Including Infants in Traditions

Family traditions counter alienation and confusion. They help us define who we are; they provide something steady, reliable and safe in a confusing world.                                                                  -Susan Lieberman

Even though this is our second holiday season with a little one, Mike and are are still trying to establish some family traditions.  The one criteria that we are trying to uphold is for the tradition or activity to allow for the girls to be protagonists.

Painting pumpkins is a simple and appropriate way for the little ones to be active participants in some Halloween fun. Last year, I offered Greysen blue & lavender paint as a contrast to the orange of the pumpkin.

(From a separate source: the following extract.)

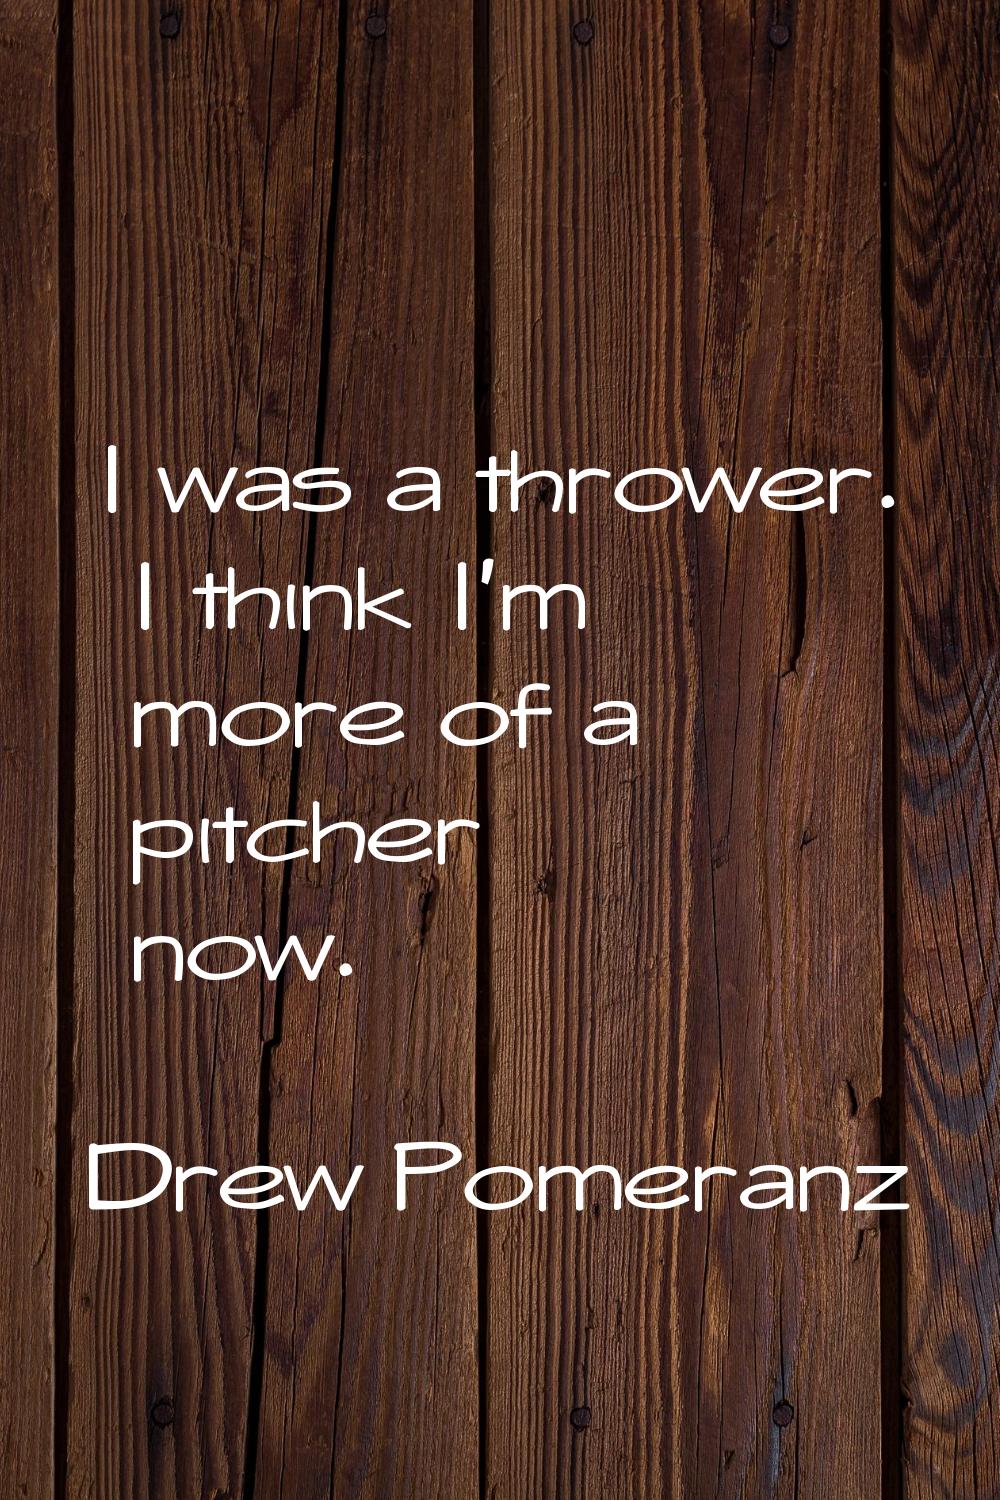 I was a thrower. I think I'm more of a pitcher now.

This year, I was inspired by Jean at the Artful Parent to use black paint on our pumpkins.

The Right to Use High Quality Materials

I chose to offer the girls acrylic paints so that the paint wouldn’t wash off should it rain as it could have with other types of “children’s paint.”  I love to use high-quality art mediums such as acrylics because the experiences are qualitatively different than lesser paints. Acrylics spread smoothly, and the results are bright and bold. Since acrylic can stain clothing, I covered the girls in their smocks. Greysen still somehow managed to get some paint on her diaper, however!

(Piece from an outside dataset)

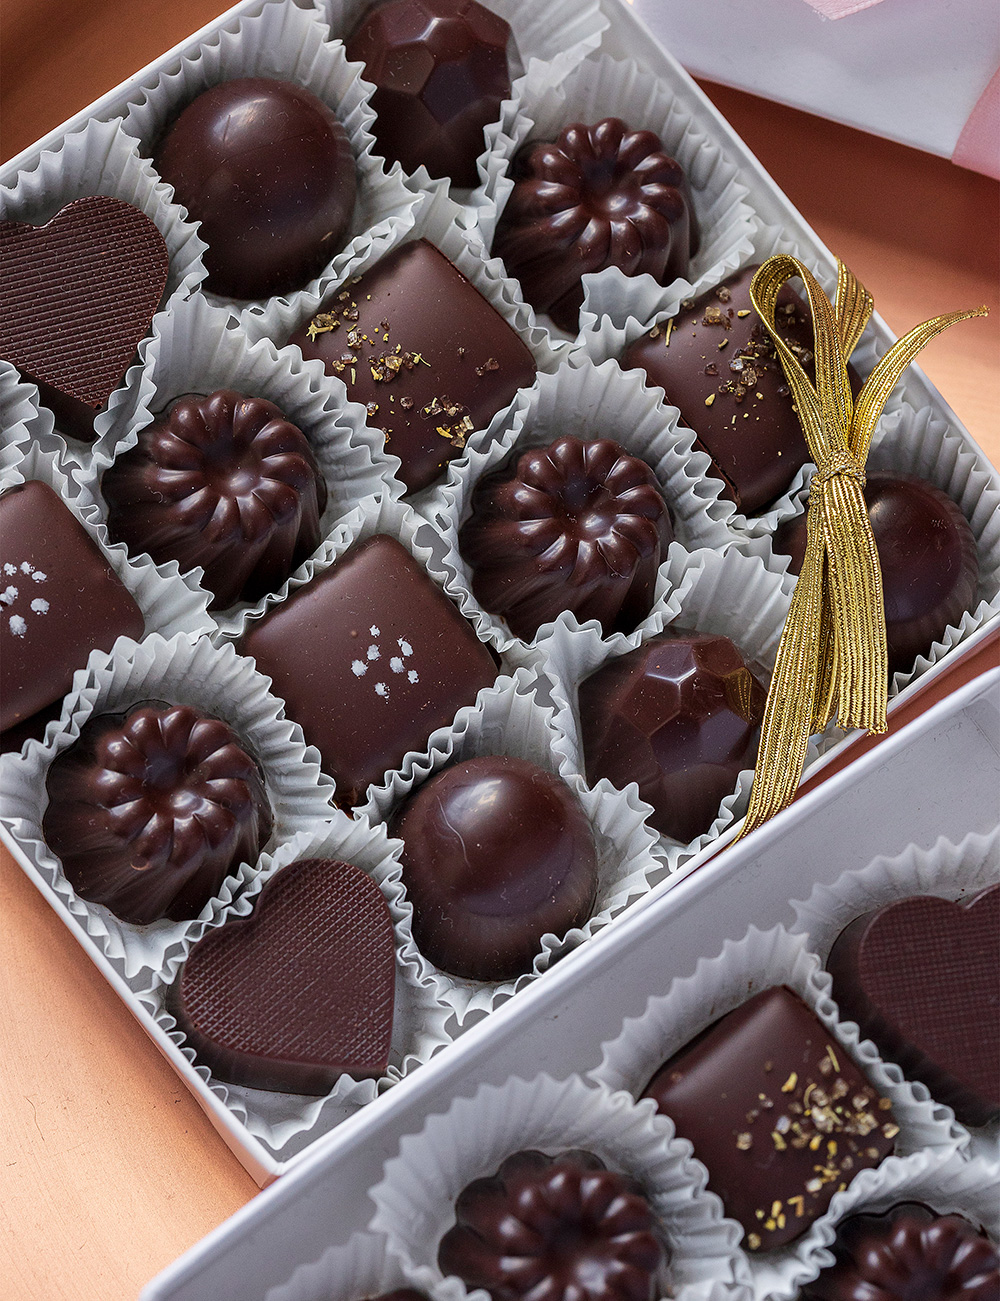 Videri Chocolate Factory: Gift boxes of mouthwatering chocolates are in high demand this season.

I poured a blotch of black paint on a small pumpkin for Moon, and she immediately rubbed the pumpkin, coincidentally spreading paint around the pumpkin.

I set up black acrylic, silver glitter paint, and paintbrushes for Greysen. The glitter paint was completely covered up by the black, so in the end it wasn’t really visible on the final painted pumpkin.

We set it outside that evening, and went outside the following afternoon to look at it again. We were surprised to find that the portions that had been painted were cooked by our warm California sun! Basically, any area that had been painted black and faced the sun had sunken in.

The pumpkin was still whole, but we were so curious as to what was going on inside the pumpkin. Though we were originally not going to carve the pumpkin because Greysen and Moon could not participate meaningful, we eventually decided to cut it open to see what was going on inside.

I didn’t get a picture of the it, but the pumpkin was totally fine inside. Even though the pumpkin flesh underneath the painted portions was soft it was otherwise okay. Regardless, I think we will stay clear of black paint next year!

As far as traditions go, I imagine as the girls skills and interests develop and change over the year so will our traditions. Now, what can Greysen help cook for Thanksgiving?